Did Hamlet's unhappiness have anything to do with his standard of living?

If someone asked me why people today aren't happier, then, after pointing out
the hidden presumption that is at best a huge oversimplification and at worst
completely wrong (are "people" _really_ not any happier now than in 17th
century France?), I'd say it's probably because people are still selfish and
cruel to each other.

------
anamax
I predict that if Obama wins, happiness will increase.

Why? Because the current "things are horrible" news reporting will be replaced
by "things are getting better" even if said things don't change at all.

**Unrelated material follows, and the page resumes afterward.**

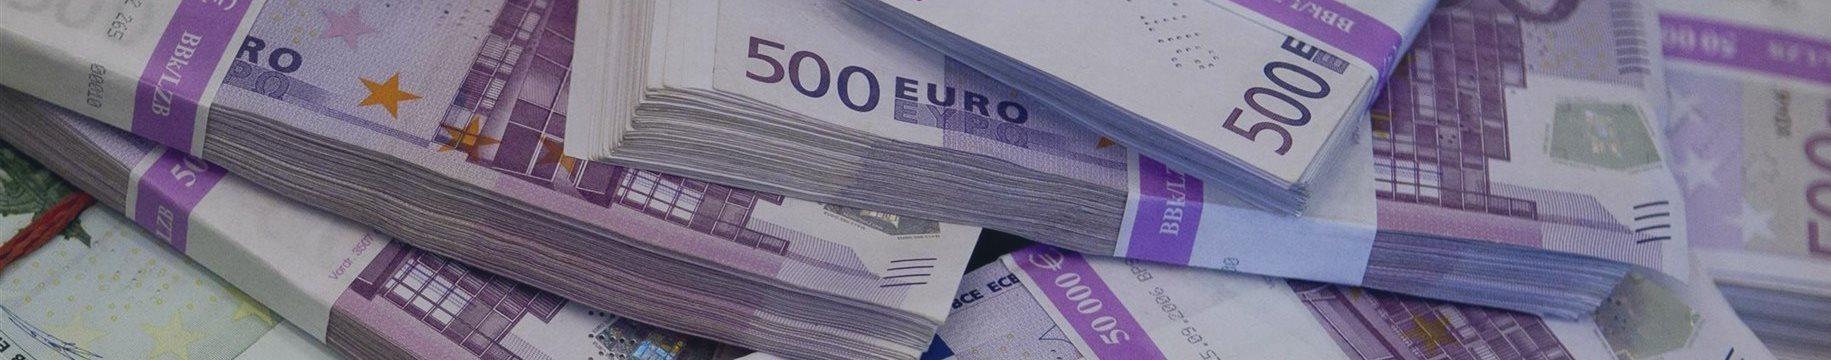 Европа готова дать Греции еще один бридж-кредит на €6 млрд

We saw this at the beginning of Clinton's first term. "We're in a recession"
became "we're in a recovery" after Clinton took office even though the
recovery started well before said election.

------
sh1mmer
I'm curious how journalist measure happiness over time. Especially how they
assess the happiness of people who lived in a time before social
anthropologists to study the well-being of a society.

------
cousin_it
Good insight. Surprisingly deep when you start thinking: it shows that
sometimes marketing becomes a negative-sum game due to externalities. Will it
lead Seth to question his career choice?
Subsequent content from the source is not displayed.